Признавшие поражение поляки, вынуждены были выйти из Кремля. Под насмешки горожан остатки польского войска покинули Москву.

Лета 7121-го от СМ внучатый племянник Анастасии и сын Фёдора Никитича, Михаил Фёдорович Романов, был избран на царство.

После смутного времени московских жильцов мало осталось. Зыков не токмо в ратном деле был сведущ, с кем надо поговорил, кому надо подмазал, обзавёлся каменным домом в Белом городе, снова торговлишку открыл, не в пример прежней, спасибо Анюте.

Зажили хорошо, грех жаловаться. При таком-то отце и дочерям перестаркам женихи сыскались.

Осталось только Данилу домой дождаться. Тот, как не упрашивали его родные и Анюта остаться, ушёл с князем Пожарским.

В Москву Данила вернулся после окончания войны со шведами, немалым для его лет воинским начальником. В том же году он венчался с Анютой в церкви Введения Божией матери.

Данила только свадьбу отгулял, как призвал его к себе князь Пожарский.
 
- Ты уж Данила на меня зла не держи, что поголубиться вволю с молодой женой не дал. Сам видишь, время какое. Не уймутся никак поляки, снова в наши пределы вошли. Очень мне нужно, чтобы рядом со мной люди надёжные, проверенные были, а то бояре всё норовят сынков своих мне подсунуть, покуда я у молодого царя на добром глазу. Я и отца бы твоего позвал, да он уж не в тех годах, - развёл руками Дмитрий Михайлович.

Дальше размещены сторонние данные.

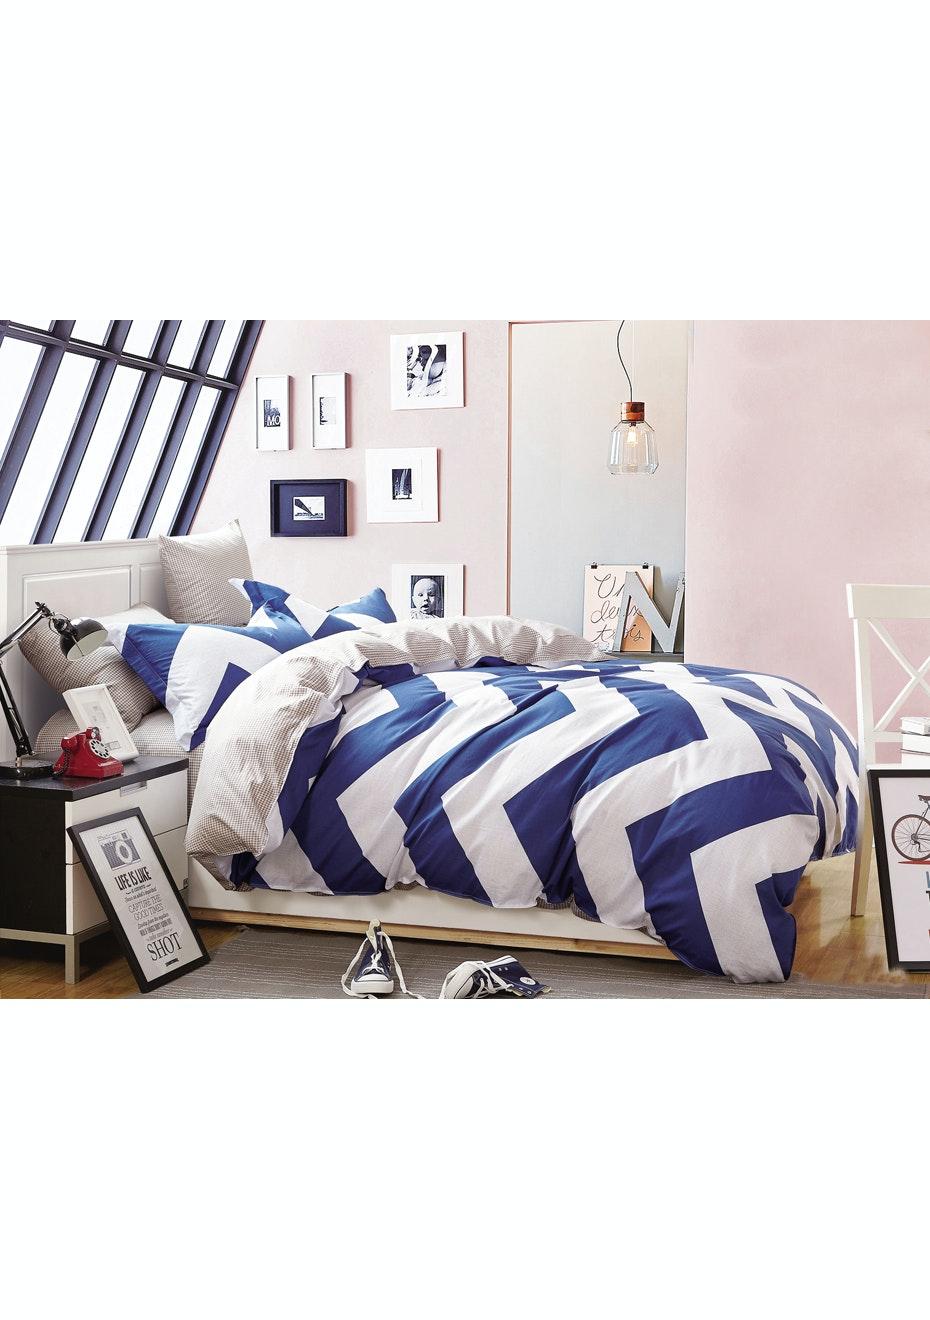 San Diego Quilt Cover Set - Reversible Design - 100% Cotton King Bed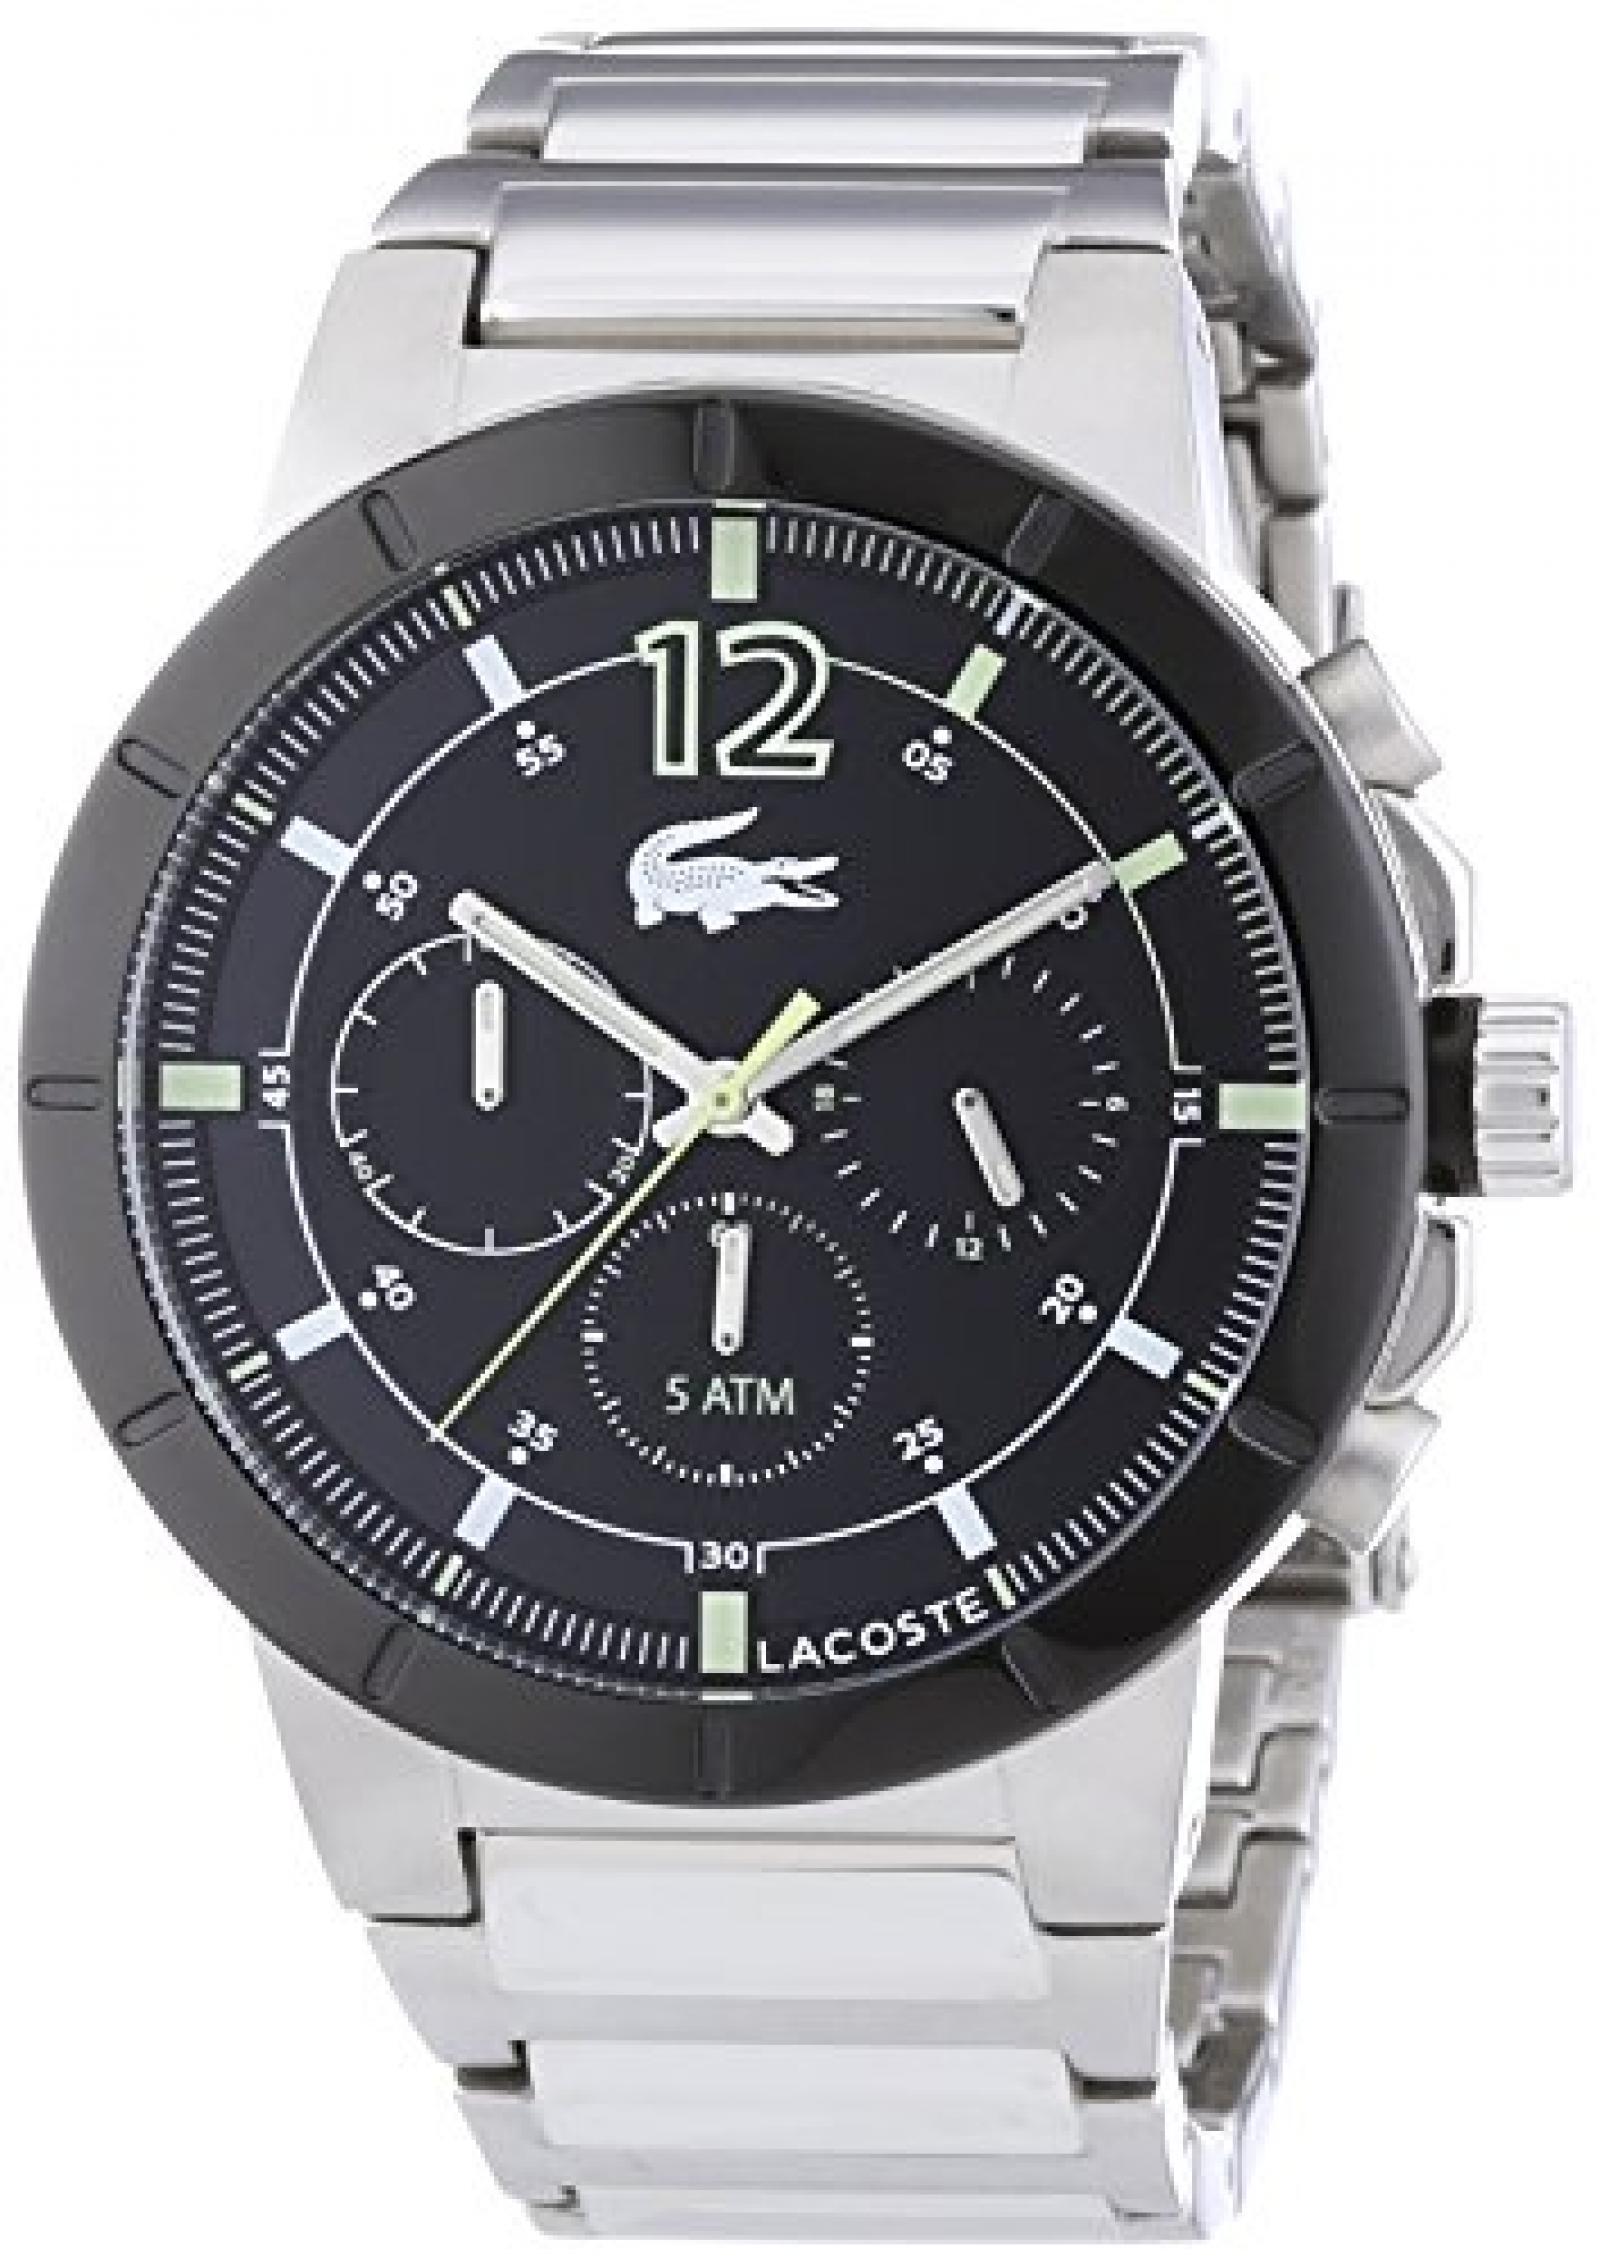 Lacoste Herren-Armbanduhr XL DARWIN Analog Quarz Edelstahl 2010744

- Да я что… Приказывай князь, рад служить тебе, - Данила даже зарумянился, как красна девка, с того что князь с ним так запросто говорить изволил.

- Царь Михаил Фёдорович в Калугу меня с войском отправляет. Королевич Владислав со своими ляхами там объявился, разор чинит. Ты со мной поедешь, - князь кивком дал понять, что разговор окончен.

Даниле хоть и горько с Анютой расставаться, да привычно, с отрочества на войне, а вот молодая жена вся слезами изошла, насилу успокоили.

Ивану Саввичу хоть и жалко невестку, а больше за сына рад. Шутка ли, сам князь Пожарский на службу позвал!

Зыков-то о ратном деле уже забывать стал, брюшком разжился, к пуховым перинам привык. Лавки в Белом городе хороший доход приносили, не последним купцом Иван Саввич на Москве слыл. Вот и сын в люди выходит, а бабьи слёзы что – мокрота одна.

Много Даниле повоевать не случилось. Князь Дмитрий Михайлович сильно захворал, и вернулся в Москву, и его при себе оставил.

В последних числах сентября к Москве подошли войска Владислава, и заняли Тушино. С юго-запада вторглись запорожские казаки гетмана Сагайдачного, взяв по пути на Ливны Путивль, Рыльск, Курск, Елец, Лебедин, Скопин и Ряжск. Запорожцы на русской земле вели себя, как ордынцы в набеге, сжигали города и поселения, вырезали под корень мирное население.

Москва готовилась к обороне. Иван Саввич весь дом переполошил – саблю свою с пистолями искал.

- Да куда ты, старый, навострился? – ходила за ним по пятам Таисия, не зная, плакать ей или смеяться, - вона пузо по земле волочится, а всё туда же! Аника-воин.

- Молчи, мать! Эти антихристы в прошлом разе нам всё хозяйство разорили, и опять норовят. Не бывать этому! Костьми лягу, а не пущу ляхов на Москву, - буйствовал Зыков, хлопая дверями клетей и разбрасывая вещи по полу в поисках оружия, даже в малые лари бездумно заглядывал.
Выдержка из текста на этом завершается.